Ryan, I use this brand with the boys-- I started it when Cash was eating "you know what" and needed some breath freshening. It seems to really help with breath. I rarely brush their teeth and they look pretty good. I use 1/2 capful in about a quart of water (less than they say to use)

Amazon.com: Synergy Labs Dental Fresh for Dogs (16-oz bottle): Kitchen & Dining


----------



## Kathy (Nov 9, 2006)

I tried one brand and it didn't work. However, it could have been this "operator" error, in that I wasn't religious about brushing their teeth like I should have done either. 

The product I have had great success with is Petzlife Oral Care gel. Easy to use too, just rub it on the teeth daily and then for maintenance, use every 3-4 days.


----------



## Tom King (Aug 2, 2006)

Our dogs actually like the salmon flavor Petzlife gel. After trial and error Pam figured out that a gauze pad works best. We have some puppy owners who have dogs a couple of years old whose teeth they do every day and they are the cleanest dog teeth I've ever seen.

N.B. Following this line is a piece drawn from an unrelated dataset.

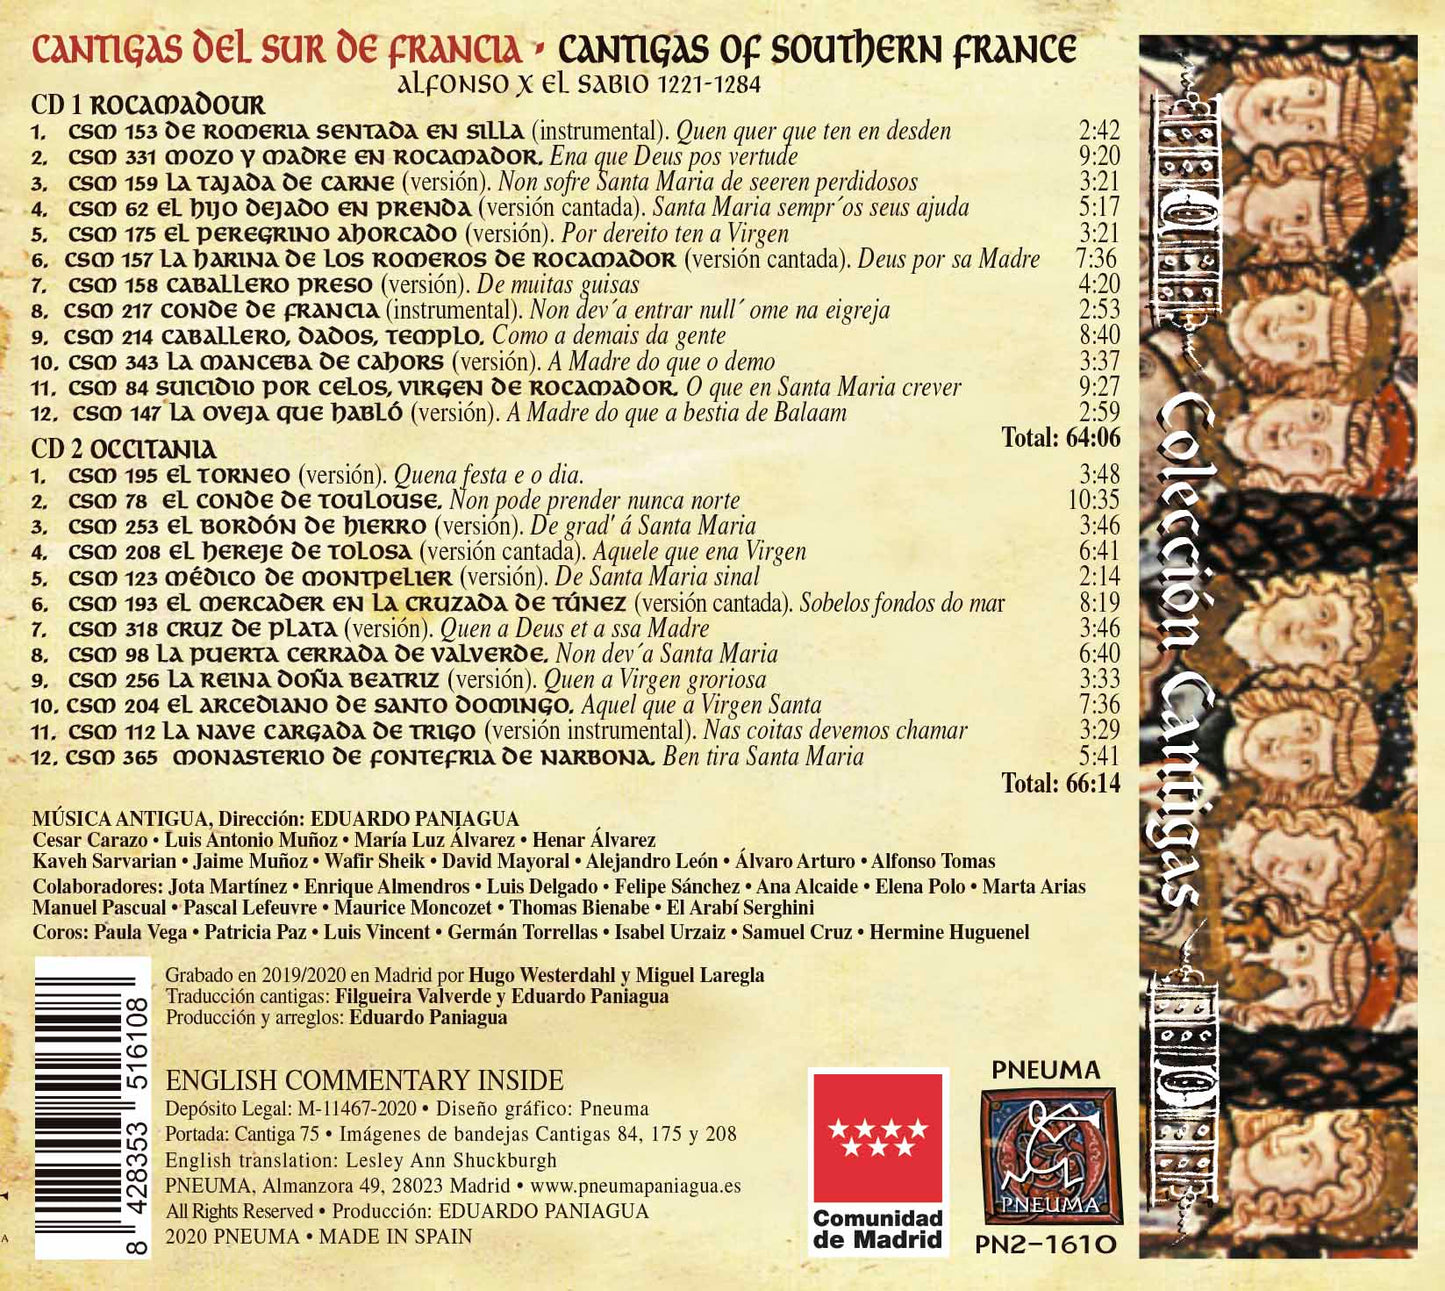 PN 1610 CANTIGAS DEL SUR DE FRANCIA, OCCITANIA Y ROCAMADOUR, DOBLE CD)

We have too many to do that with and they only get it every week or two. Sometimes we have to scrape a little tartar off with a dental tool but the dogs are all used to it now. We always check their teeth when one is on the grooming table.


----------



## Julie (Feb 8, 2007)

Tom King said:


> We always check their teeth when one is on the grooming table.


This is what I need to start doing---I don't really think about it enough I guess...If you did this every week or two would that be often enough Tom?Or does it need to be a daily thing?


----------



## Jane (Jun 2, 2007)

Yes, I love Oxyfresh Pet Oral Hygiene solution. You add a tiny bit to their water (I think it is 1/2 tsp to 16 oz.). My boys drink from a water bottle, so that makes it easier and less wasteful. I order it from the oxyfresh website - since I've never seen it carried in a pet store around here.

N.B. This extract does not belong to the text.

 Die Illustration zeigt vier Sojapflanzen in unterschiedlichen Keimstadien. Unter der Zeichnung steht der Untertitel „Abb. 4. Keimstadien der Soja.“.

It is odorless (to me at least) and my dogs didn't balk at the taste or even notice it. It really helped their breath to stay fresher through that horrible puppy-teething stage. When I ran out, before I got another bottle, I noticed that their breath really started to smell "doggy" w/o it. Oxyfresh also makes a product line for humans.


----------



## Tom King (Aug 2, 2006)

Ours get it every couple of weeks and they have nice teeth. I will say that Hemi and Sunni, that I mentioned before, who get their teeth cleaned EVERY day have perfect teeth.

Oh, we did try the ad to the water stuff for a while but they still got tartar buildup.


----------



## Sunnygirl (Jun 1, 2007)

We use the Petzlife spray on Nico - not every day but once every few days. Once all his permanent teeth are in we'll probably use it daily. I'm not so good at keeping up with the tooth brushing - he probably only gets that once a week or so. It's hard because he's so busy licking the chicken flavored toothpaste off the brush that I can't get any brushing done.


----------



## Poornima (Jun 29, 2007)

I use Oxyfresh Oral Hygiene Solution for Benji. It helped during his teething and even now it helps keep Benji's breath fresh. Benji hated PetzLife and toothpastes of variety of flavors. 

Best,
Poornima


----------



## ama0722 (Nov 28, 2006)

This is an area I really need to improve upon. I do try and give the girls the little solid gold teeth cleaning bites but they don't really like them. I also tried the pearly whites and they weren't fans. I think I need to get the Petzlife. Can you buy this at the petstores or something you need to order online?

Amanda


----------



## Poornima (Jun 29, 2007)

Hi Amanda,
I ordered it from PetzLife website : http://petzlife.com/

I don't know if the product is available at the petstores. I hope that your girls like it.

Best,
Poornima


----------



## Sunnygirl (Jun 1, 2007)

Amanda - I found the Petzlife at a nearby store by looking at the retailers list on the website. The place I get mine is a big nursery/garden store that has a pet department. I'd never been in there and was really surprised at how much high end pet stuff (including food I can't find at PetsMart and Petco) they had, and but for the Petzlife I never would have found it.


----------



## ama0722 (Nov 28, 2006)

Thanks everyone! I went and ordered Petzlife online and it was seriously here the next day-wow on customer service. So far, Dora is giving it a total thumbs up! I put it in the treat drawer and when I get it out she jumps up just like she is getting her peanut butter cookie! I did decide to order the salmon flavoring to encourage the little white monster and she didn't like it at first but isn't hiding under the couch so that is a good sign too!

Thanks for the recommendation,
Amanda


----------



## Lina (Apr 26, 2007)

I just started using the Oxyfresh Pet Oral Hygiene solution and Kubrick really likes it! Then again, I just got him a water fountain so maybe that's what he enjoys about it.  Nevertheless, he drinks it more than he drinks water regularly and his breath is a little better... I guess I will be able to tell if it really worked in a couple of days and I will let you all know.

Thanks for the recommendation!


----------